Response of the Length and Stratification of the North River Estuary to Changes in Forcing
Monday, 15 December 2014
The response of the length and stratification of the North River estuary (MA) to variations in river discharge Qf and tidal amplitude UT is analyzed using time series from four along-channel locations in conjunction with cross- and along-channel boat board surveys collected from April 4 to June 22, 2006. The North River is a generally well-mixed estuary with a channel depth of 5 m and width of 70 m. Its length L5 is defined as distance between the mouth and the location where bottom salinity reaches a value of 5 psu, determined by approximating a linear along-channel salinity gradient.

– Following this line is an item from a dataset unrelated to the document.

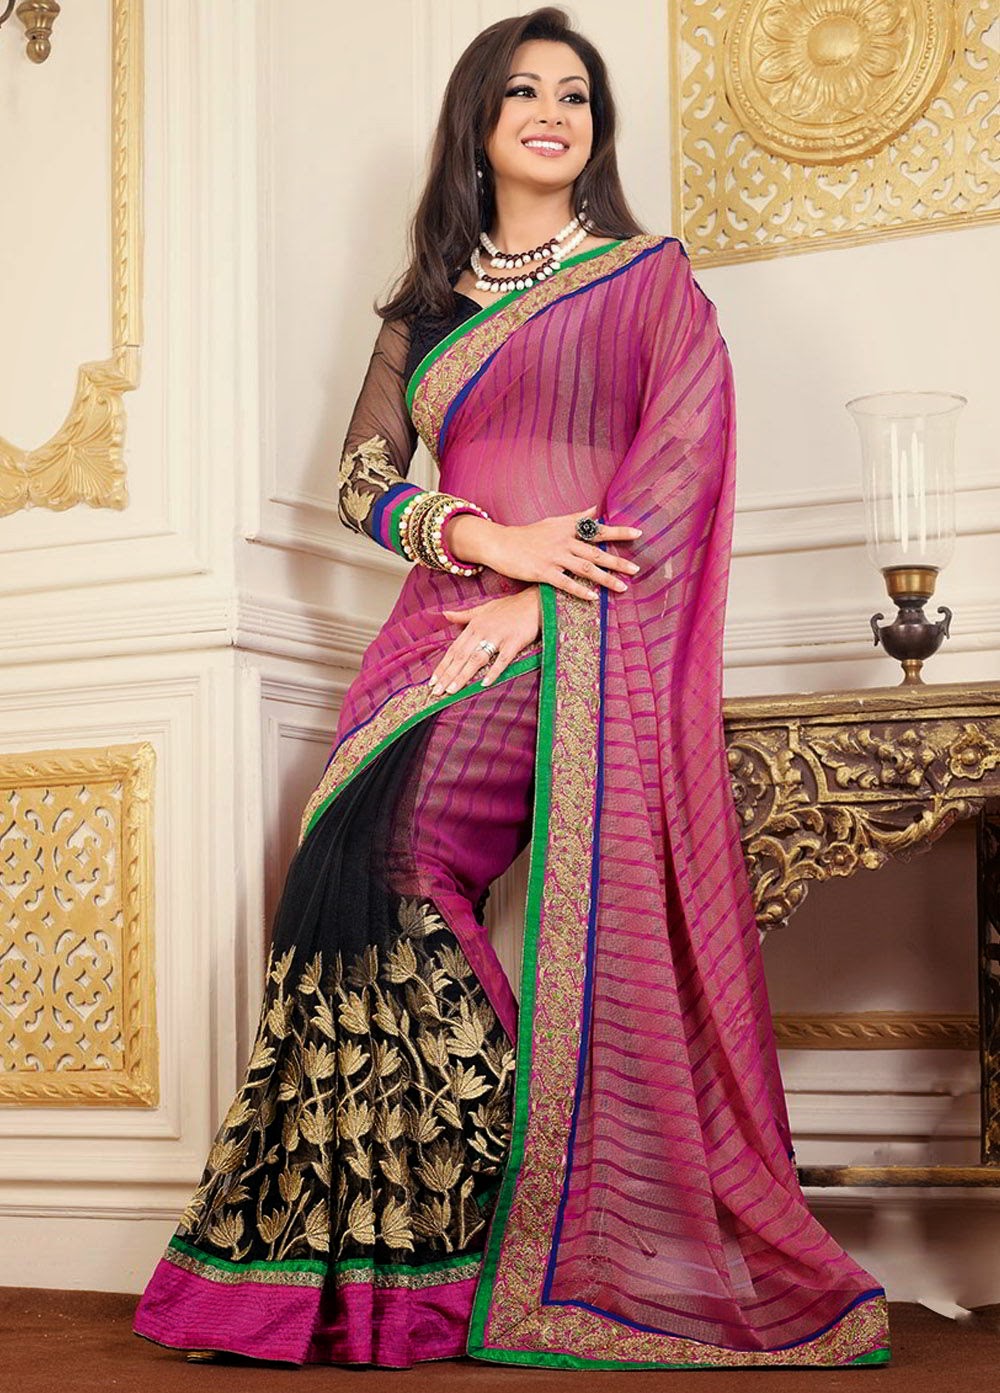 Beautiful Sarees Collection For Actress Preeti Jhangiani Wallpapers Free Download

During the period of low discharge (Qf < 5 m3/s) spanning April, the average length of the estuary is relatively high and varies based on tidal amplitude. Lengths are typically 7-9 km for neap, 8-11 km for intermediate, and 10-14 km for spring tides. During two storm events marked by high discharge (Qf >15, reaching 85 m3/s) mean length remains shorter, at 6-9 km. Length of the estuary has a weak dependence on discharge and a positive relationship to tidal amplitude, L5 ~ Qf -0.135 UT 0.611. Stratification exhibits an increase with increasing discharge and a decrease with increasing tidal amplitude at mid-estuarine locations as ΔS ~ Qf 0.443 UT -1.22. Within tidal cycles, peak stratification is typically observed at the start of ebb. Using a one-dimensional salt balance, the along-channel diffusivity K is defined as K = Qf L/A, where A is cross-sectional area. K has a strong dependence on river discharge, and less so on tidal amplitude. It ranges from 100-200 m2/s during low discharge periods and peaks at 1200 m2/s during storm events. Although a simplified linear model of the salinity gradient was assumed, insight was gained as to how the estuary responds to river discharge and tidal variability.